Но в Коломенском была тишь да гладь, Божья благодать. Обрившийся для свадьбы, помолодевший, но очень растолстевший царь чувствовал себя не совсем ладно. К врачу своему, немчину Коллинзу, сперва он обращаться не хотел было: может, Господь даст, и так пройдет, а немец всё немец, как там его ни верти. Правда, все лекари-иноземцы должны были приносить присягу не подмешивать в лекарства злого яда змеиного и всяких злых и нечистых составов, которые могут здоровье повредить или человека испоганить, но всё же лекарям доверяли так же мало, как и Обтекарскому приказу, который учреждён был на Москве ещё в 1629-м и который ведал единственной в Москве аптекой. Аптека эта – или, по-тогдашнему, обтека – обслуживала только царскую семью, а москвитяне должны были все снадобья покупать в зелейном ряду. Впрочем, если больной занимал видное место в государстве Московском, то иногда в случае болезни он решался обращаться к царю и тогда писал ему: «Болен я, великий государь, рукой не владаю. Пожалуй мне полфунта перцу дикого, четыре горсти крапивных семян, полфунта бобов масляничных да двенадцать золотников масла кролова». И добрый царь милостиво разрешал отпустить всё, что требовалось. Но больше всего обтека ведала другими делами: одни «алхимики» и «хитрецы» чинили в ней часы, другие лудили посуду для царской кухни, третьи изготовляли смазку для пищалей, или мазь для царских колымаг, или для царевен «водки», то есть духи и всякие шмаровидла, четвёртые, – помясы или травники, – разъезжали по всей России и даже в Сибирь заглядывали за сбором нужных трав, которые не только собирали сами, но и мужикам собирать наказывали: и купалыцицкий серебориный цвет, и питерилову траву, и дягильный корень… Сам царь снадобий обтекарских не любил и в случае недомогания приказывал обтекарю пускать ему «жильную» кровь. Потом эту кровь царскую обтекарь в присутствии двух бояр зарывал в саду под окнами царской опочивальни. И боярам царь рекомендовал это прекрасное средство во всех их заболеваниях, и, когда раз Стрешнев заупрямился было, царь оттаскал его за бороду:

– Ишь, кобенится!.. Что же твоя кровь-то дороже моей, что ли?…
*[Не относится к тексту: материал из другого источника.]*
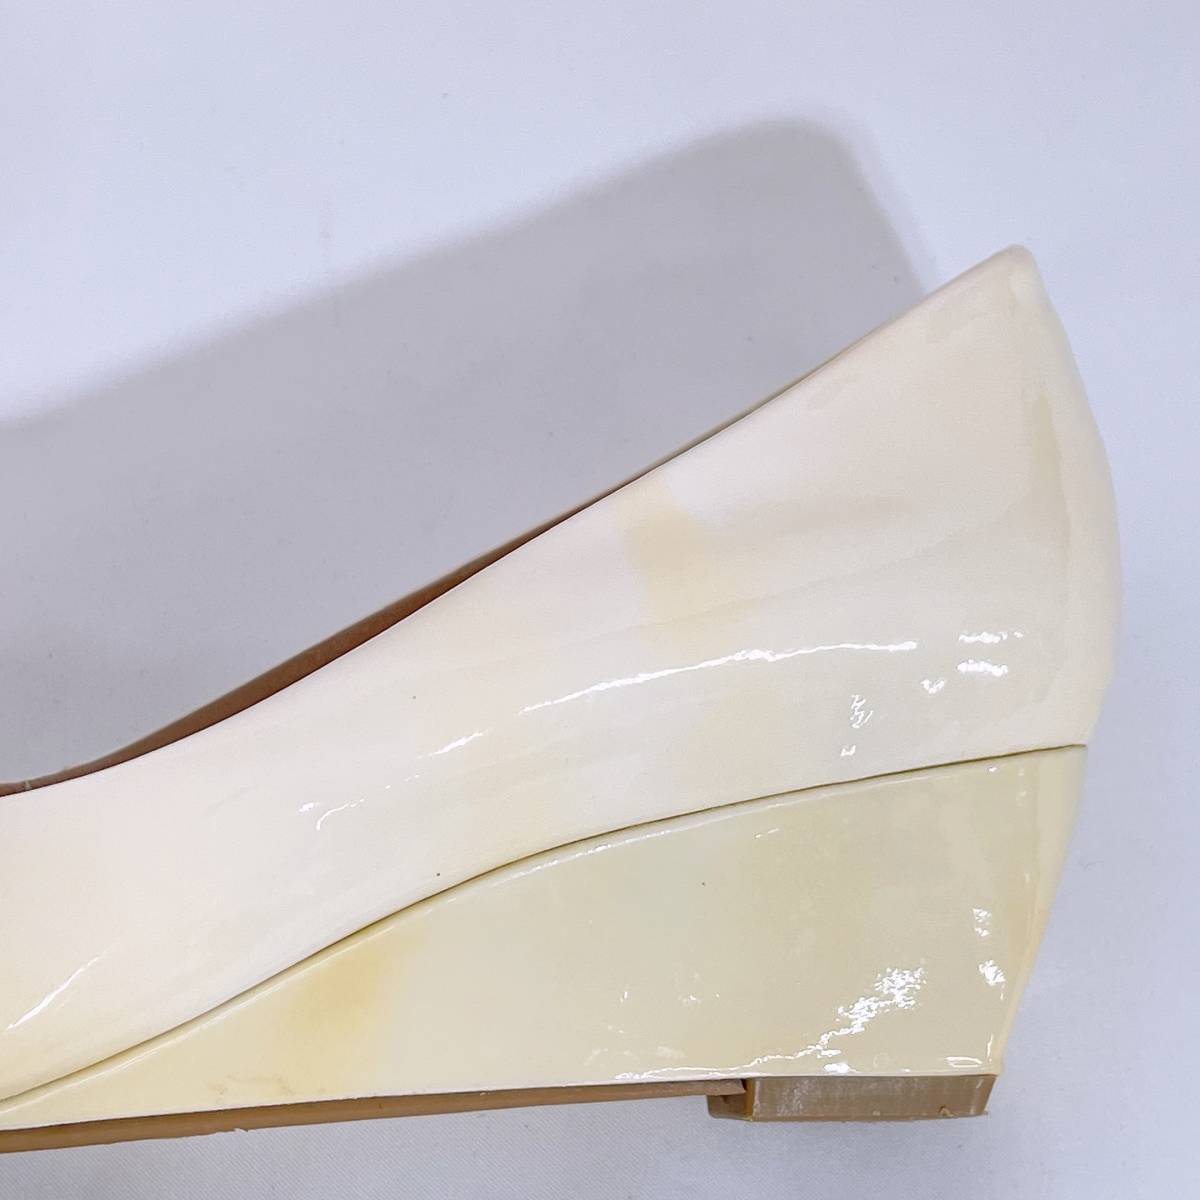  lady's USA4 22cm ROSE BUD pumps heel shoes eggshell white white translation have goods good-looking Smart dressing up Rose Bud [20031]

Но на этот раз и кровопускание не помогло, и царь велел позвать Коллинза, который и вынужден был почтительно рекомендовать его царскому величеству пореже навещать свою молодую супругу.

«Врёт, чай, всё немец…» – подумал недовольный Алексей Михайлович, но все же стал маленько остерегаться, тем более что и сама великая государыня с своей стороны не очень настаивала на его посещениях. При дворе появился опять молодой князь Сергей Одоевский, раненый на Волге, бледный и страдающий, и Наталья Кирилловна долго плакала этими жаркими, летними ночами в опочивальне своей и уже не раз и не два задавала себе вопрос: стоит ли, в самом деле, великое царство Московское того, что обещали ей жгучие глаза молодого князя? И когда теплились звёзды в ласковом небе, и кружилась голова от сладкого духа черёмухи, и разливался над сонным прудом колдун-соловей, уже туманила молодую душу грешная мысль: а нельзя ли как совместить высокое положение своё в царстве Московском с грешными сказками соловья? Ведь ходит же, говорят, под видом инока в опочивальню Софьи, врага её, молодой князь В. В. Голицын…

Царю маленько полутчало, но заседаний Боярской Думы ещё не было, и вообще, пока что царь многолюдством тяготился…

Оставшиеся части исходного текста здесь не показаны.